Dagster is a C++ implementation of a parallel decision procedure to solve Boolean SAT(isfiability) problems.

Dagster reads a SAT problem represented as a DIMACS CNF file and a decomposition of it into distinct subproblems with separate subsets of clauses for each part. The solutions to one subproblem serve as constraints for the next subproblem, constraining the order of execution. Once there is a chain of solutions for all subproblems, the original problem is solved.

The subproblems for a given CNF are specified by a Directed Acyclic Graph (DAG) file. The DAG file specifies each subproblem as a list of clause indices; it also specifies the dependencies between subproblems as a list of variables that are passed from one subproblem to the next.

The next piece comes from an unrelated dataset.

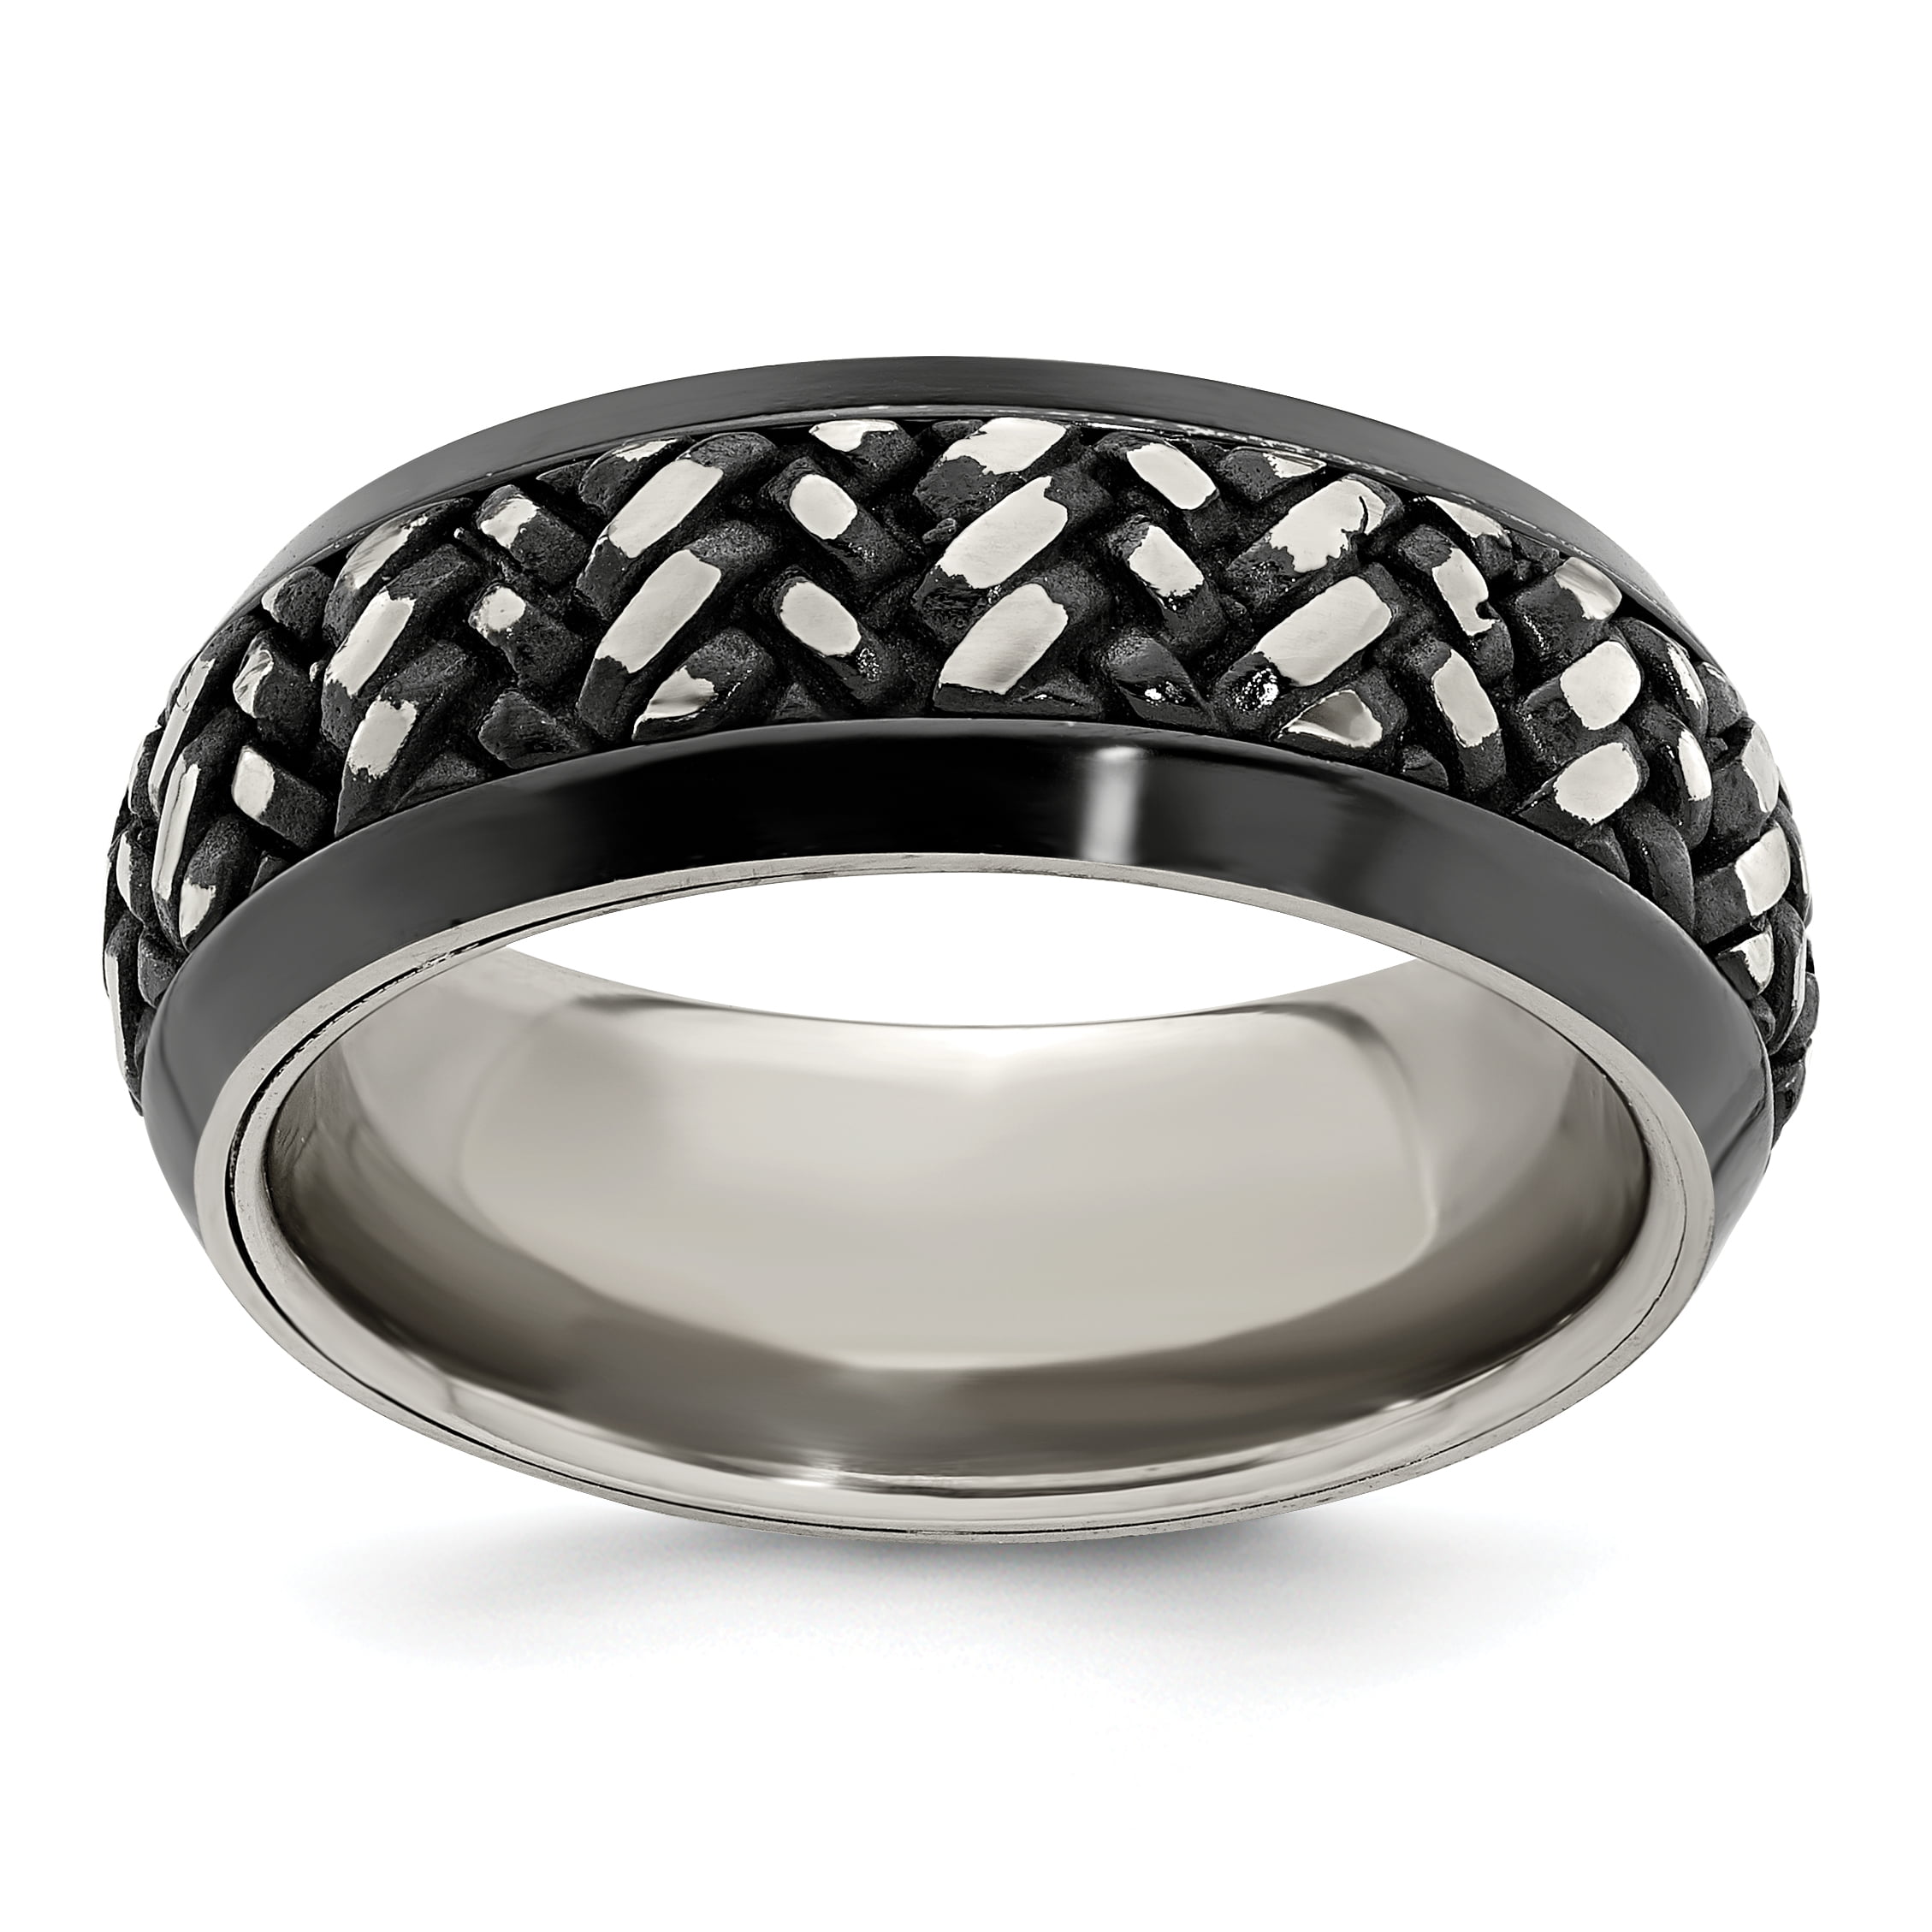 Edward Mirell Jewelry Collection Titanium Black Titanium Hammered 7mm Band Ring

Subproblems are solved in parallel by solving units, which communicate using message passing (MPI). A solving unit is composed of a number of processes that cooperate to solve a subproblem. Currently, Dagster supports different configurations for these solving units, depending on its ‘mode’ parameter:

  • mode 0: each solving unit consists of a single process running a CDCL (conflict-driven clause learning) SAT solving procedure;
  • mode 1: each solving unit consists of a CDCL procedure assisted by one or more stochastic local search (SLS) processes;
  • mode 2: each solving unit consists of a CDCL process, one or more SLS processes, and a separate CDCL procedure for clause minimization.

Dependencies:

The following packages are required for the full compilation of Dagster:

Using Docker

This project can be run using Docker, as follows:

docker run -it --mount src=`pwd`,target=/home/appuser,type=bind milthorpe/async-neighbours

Building Docker Image

docker build --no-cache -t milthorpe/async-neighbours .

Build

cd dagster && make

Example Invocation

At a minimum, Dagster requires a DIMACS-formatted CNF file containing a SAT problem and a DAG file specifying its decomposition.

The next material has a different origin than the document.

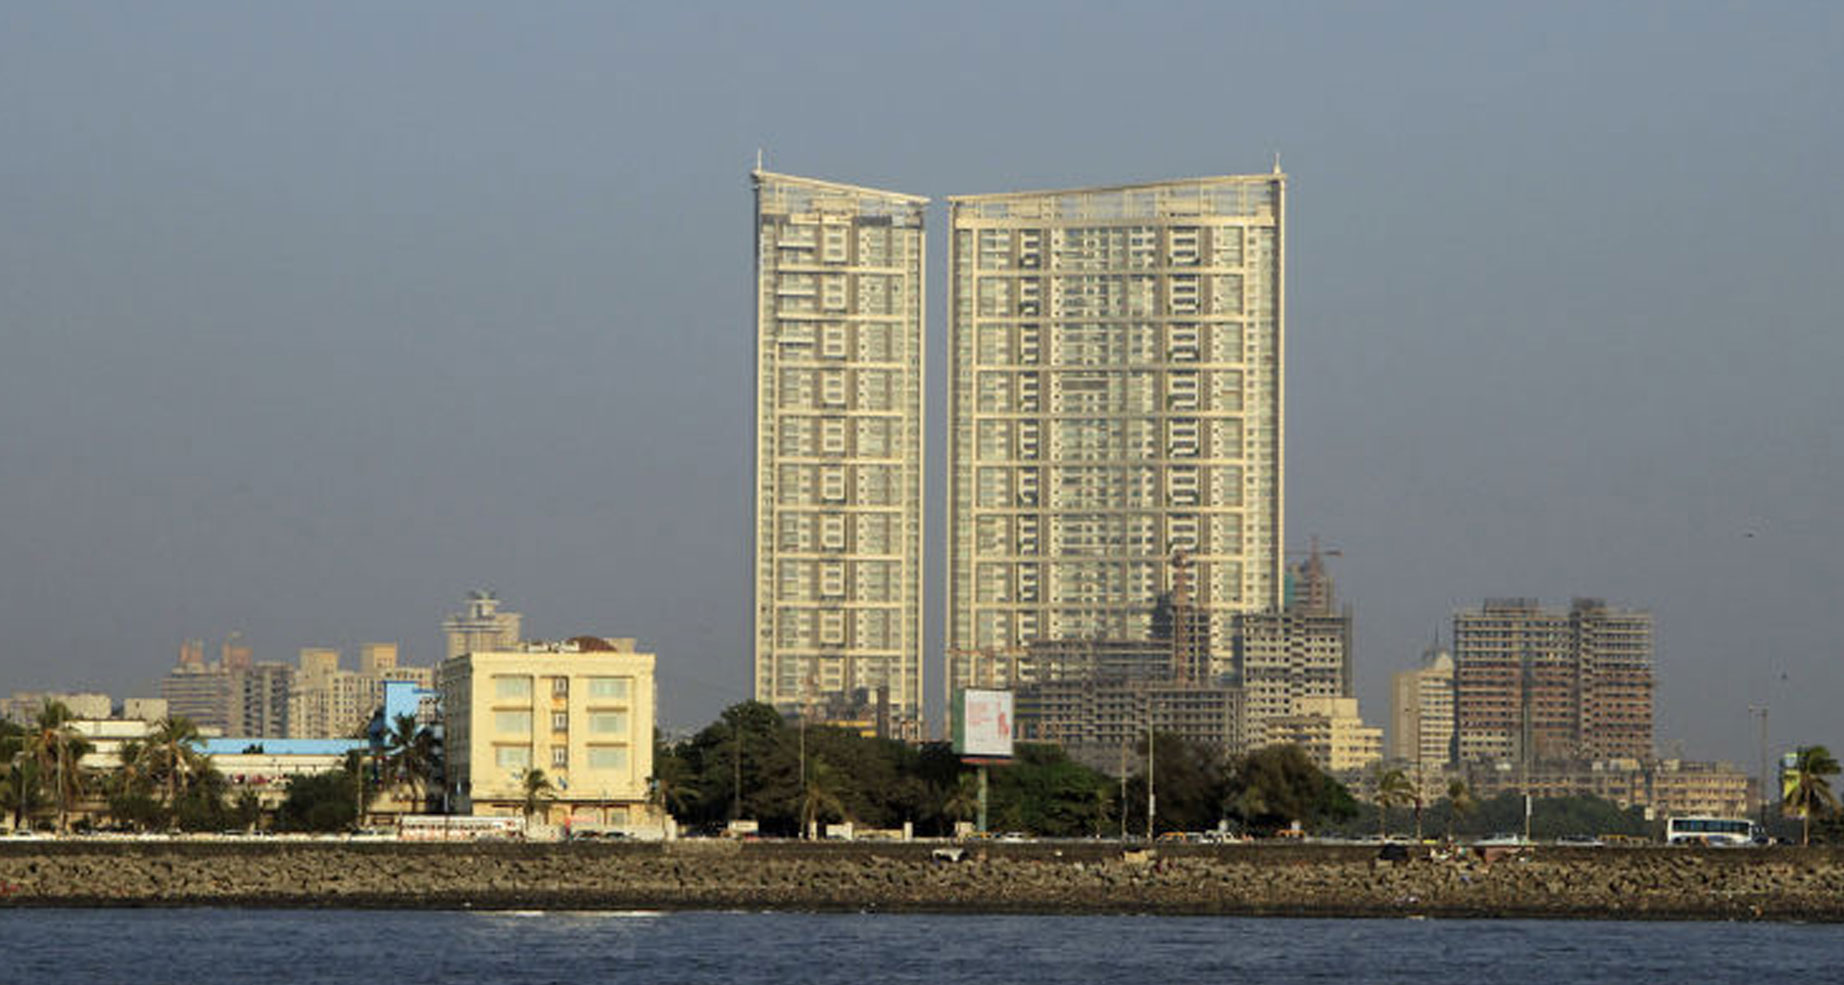 Lodha-Bellissimo Taking a closer look at the Mumbai skyscrapers

A general invocation of Dagster is as follows:

mpirun -n <Number_of_processors> ./dagster [OPTIONS] <DAG_FILE> <CNF_FILE>

This invocation will run Dagster using MPI on a specified number of processors, with the specified CNF file, solving it according to a decomposition given by the DAG file.

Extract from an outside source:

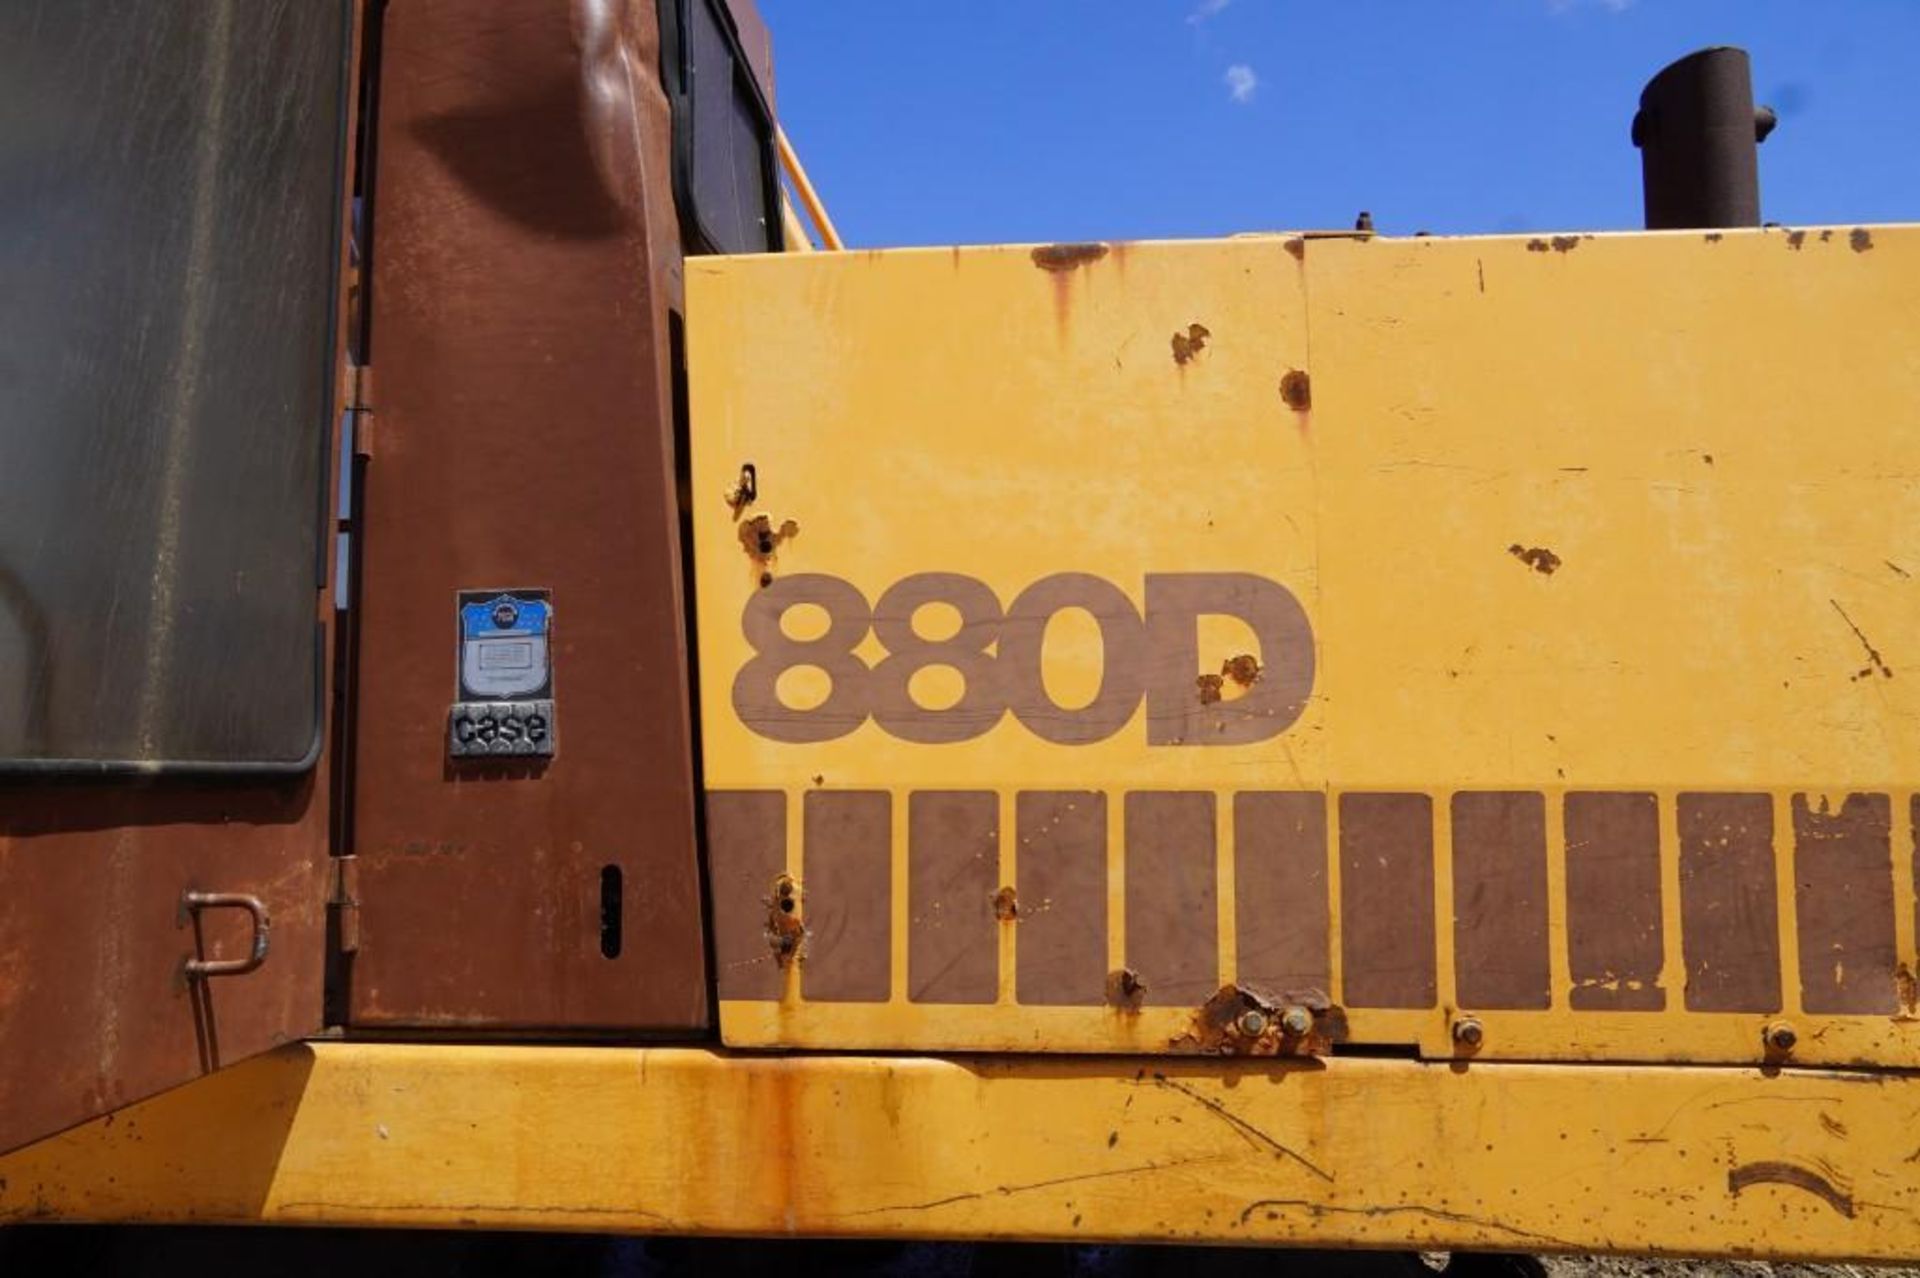 Case 880D Excavator - Image 11 of 53

A minimal example invocation involves a CNF file such as found in tests/minimal/unit_tests/good/c1.txt:

p cnf 6 8
1 2 3 0
3 4 5 0
5 6 0
-3 -5 0
-2 3 -4 0
-4 5 -6 0
1 2 4 0
3 4 -6 0

This CNF file consists of a set of 8 clauses, between 6 binary variables, for instance the first clause reads “either variable 1 is true, and/or variable 2 is true and/or variable 3 is true” etc. This CNF file is passed to Dagster with a corresponding appropriate DAG file, such as found in ./tests/minimal/unit_tests/good/d1.txt:

DAG-FILE
NODES:6
GRAPH:
0->1:1,2
2->3:3,4
1->4:1,2,3
3->4:3,4,5
5->4:5,6
CLAUSES:
0:0,4,6
1:0,1,3,4,6
2:1,3
3:1,3,5,6,7
4:0-7
5:2,3,7
REPORTING:
1-6

This DAG file specifies that the CNF is decomposed into six subproblems (indexed 0-5), where the first subproblem is to find solutions to clauses indexed (0,4,6), and the second subproblem is to find solutions to clauses indexed (0,1,3,4,6), etc. The subproblems are represented as a directed acyclic graph, where the edges (dependencies) determine the execution order. Particularly, solutions of subproblem 0 are passed as constraints to invocations of subproblem 1, subproblem 1 solutions are passed to subproblem 4, and subproblem 4 are passed to subproblem 5 etc. The solutions found for each subproblem are thus compatible with the solution of the previous subproblem. In this DAG, solutions to subproblem 5 will implicitly be compatible with all former subproblems – consequently solving the entire problem.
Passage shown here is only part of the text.